[[ Entries supplied, beginning ]]

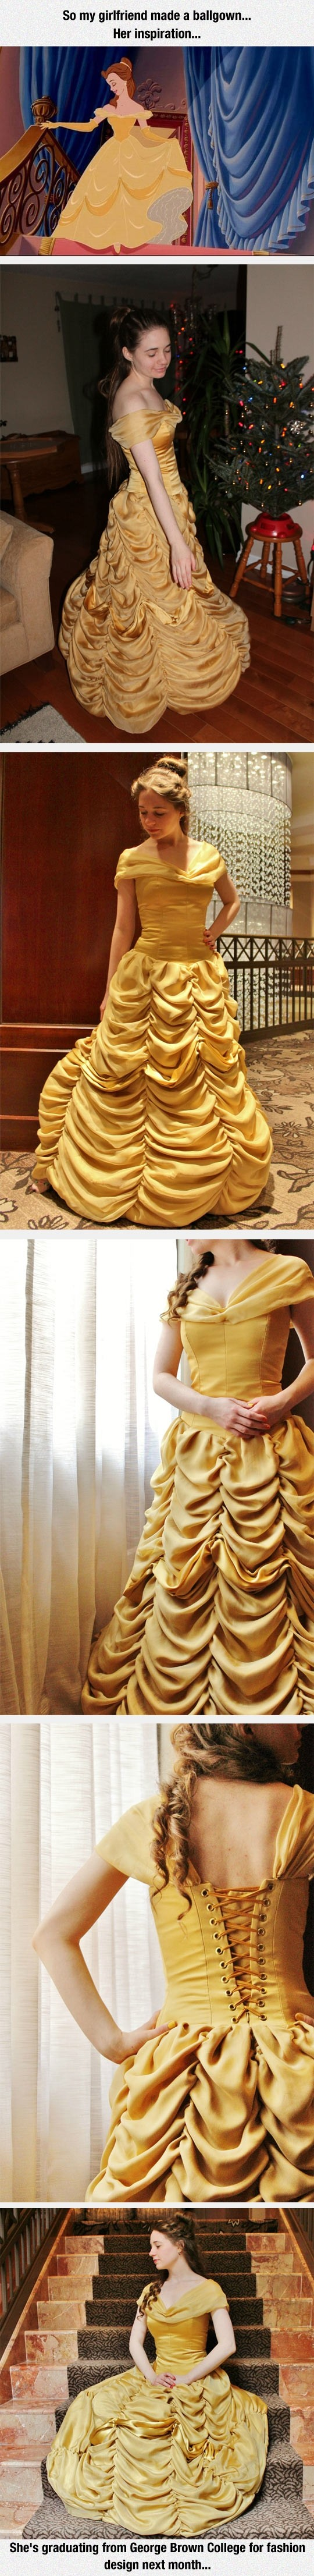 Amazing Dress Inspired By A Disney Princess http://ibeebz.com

[[ Entries supplied, end ]]
[[ Entries supplied, beginning ]]

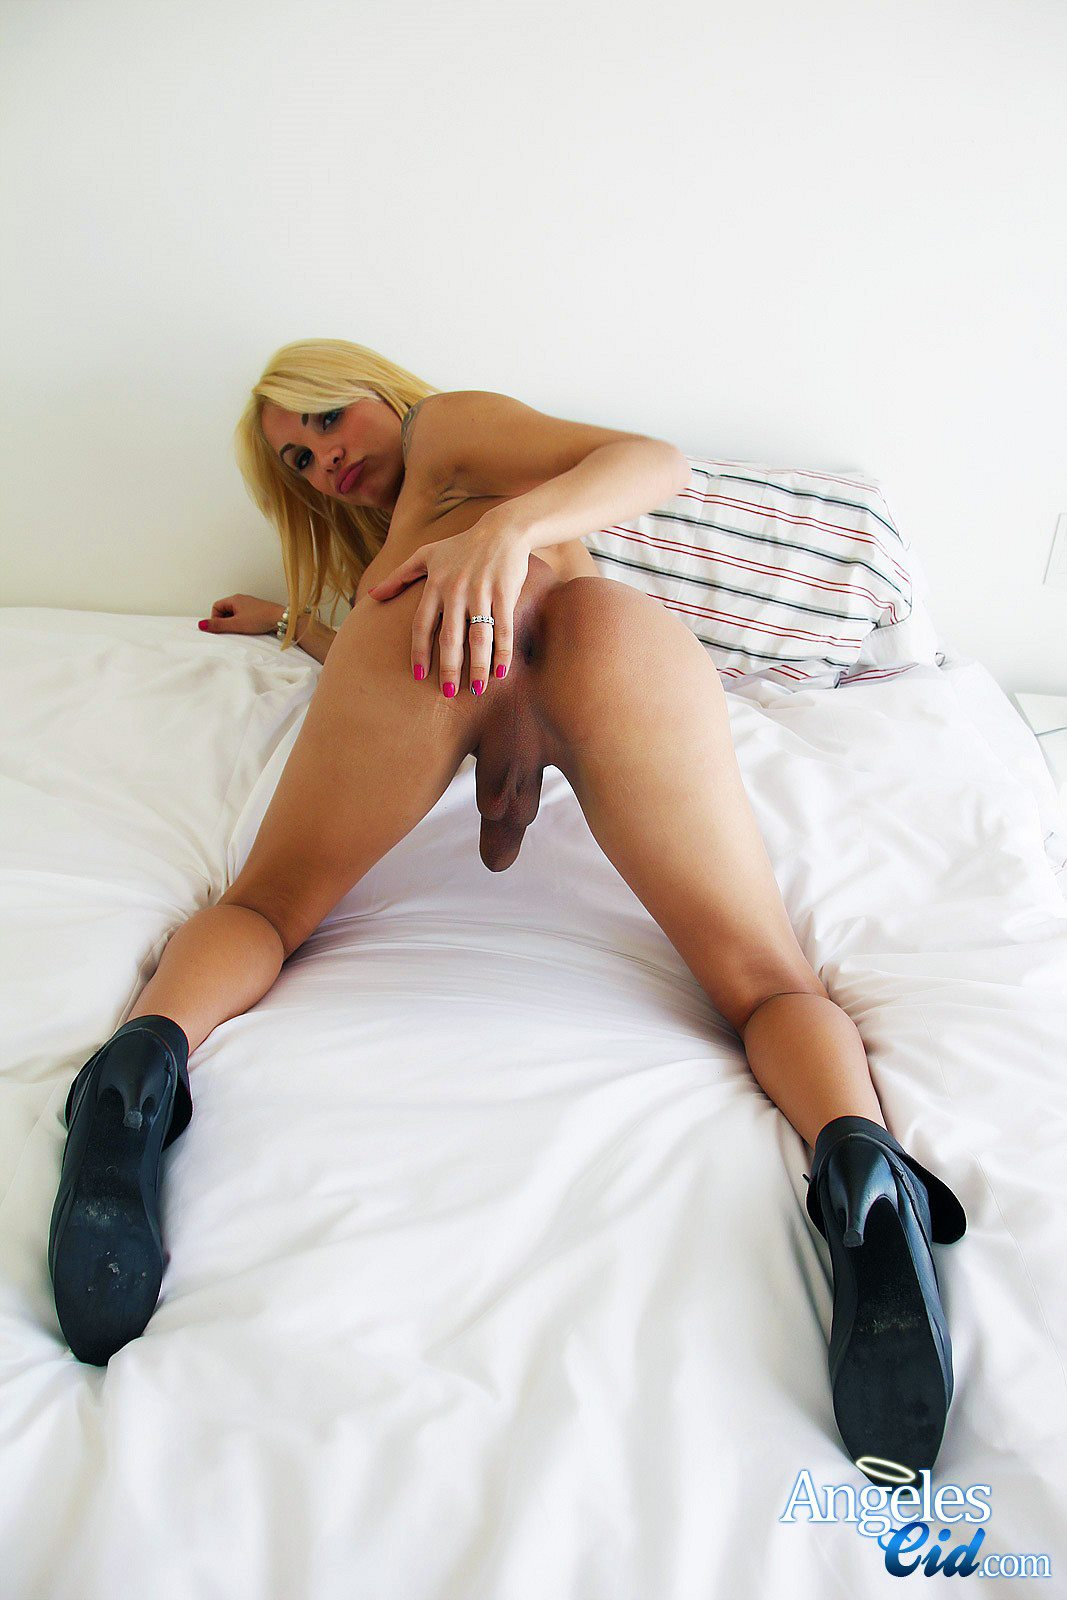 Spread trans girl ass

[[ Entries supplied, end ]]
[[ Entries supplied, beginning ]]

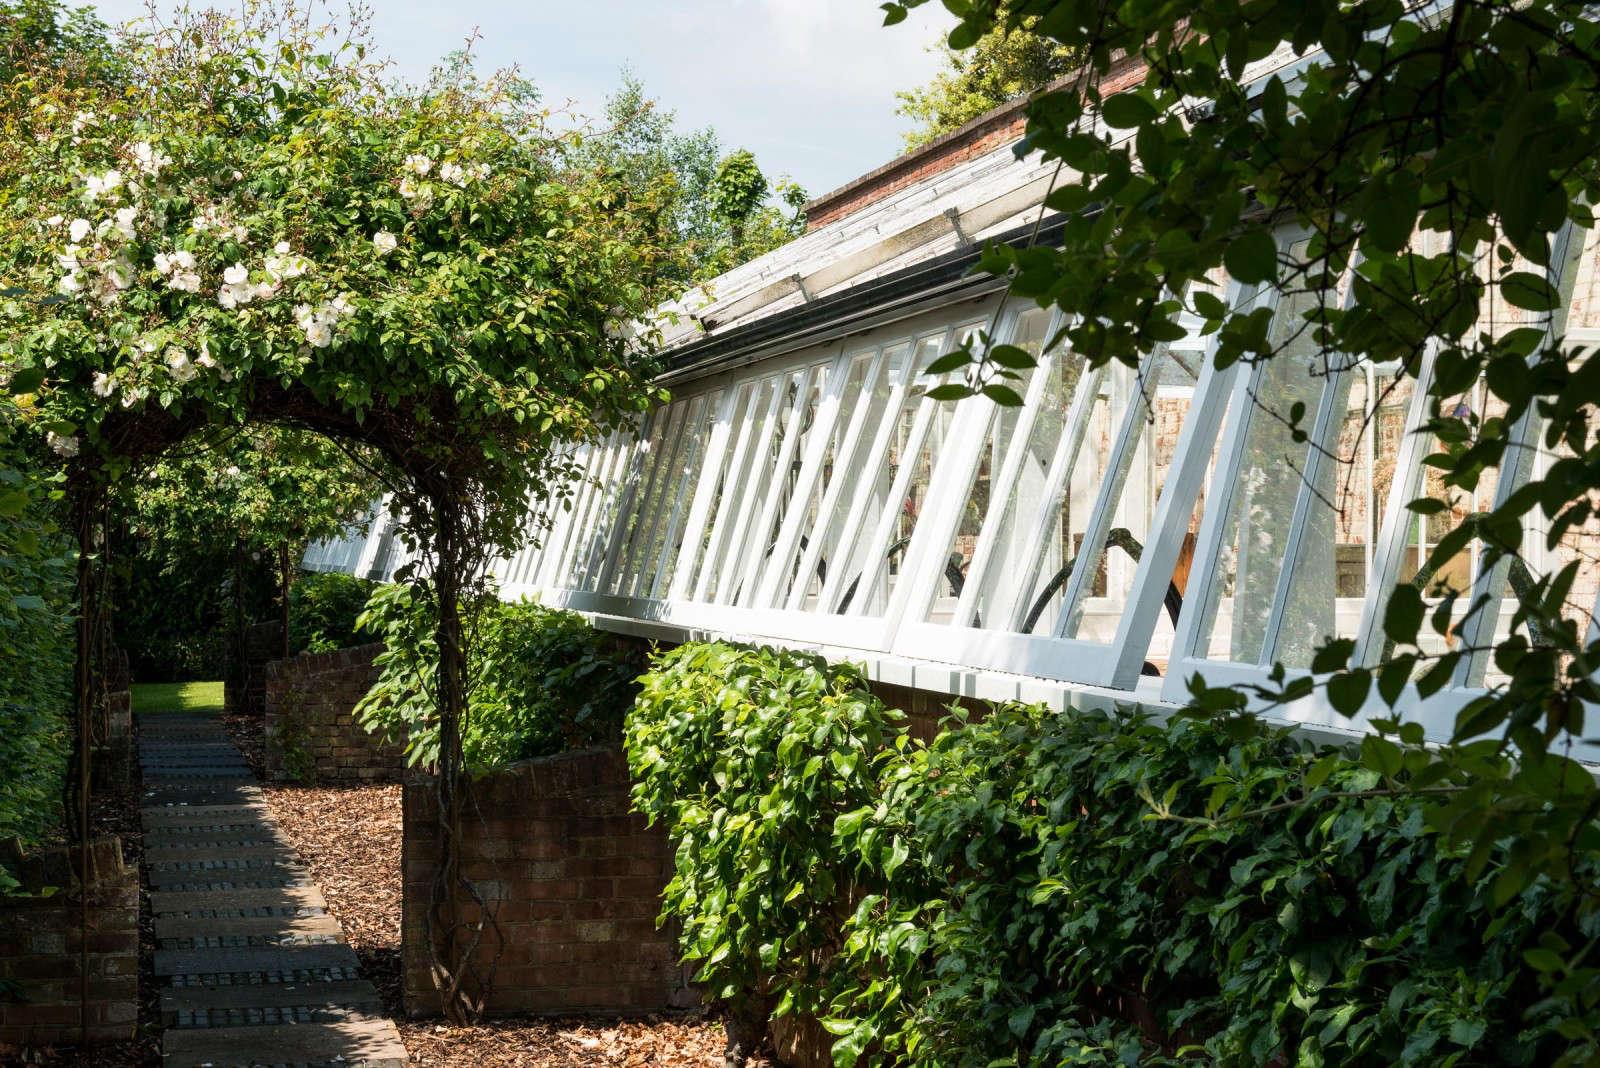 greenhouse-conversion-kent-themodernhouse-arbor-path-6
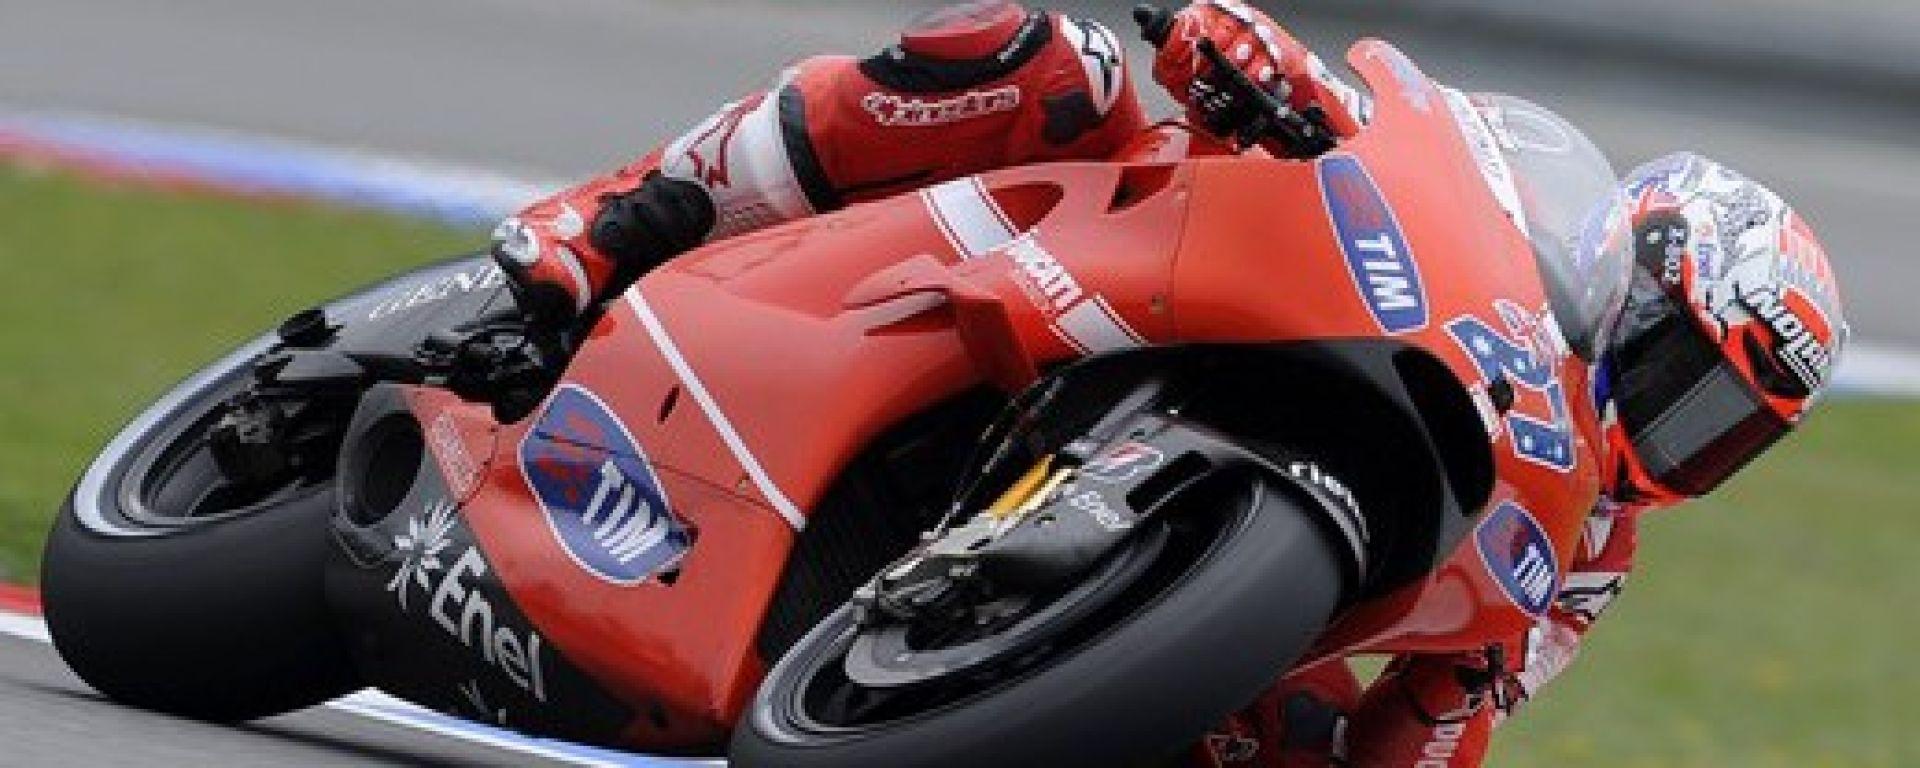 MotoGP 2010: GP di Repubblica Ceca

[[ Entries supplied, end ]]

Would you give again, exactly, the lines in the data above that run from the line containing "greenhouse-conversion-kent-themodernhouse-arbor-path-6" to the line containing "MotoGP 2010: GP di Repubblica Ceca"? Include both ends and no pictures.

| Task result |
 greenhouse-conversion-kent-themodernhouse-arbor-path-6
 MotoGP 2010: GP di Repubblica Ceca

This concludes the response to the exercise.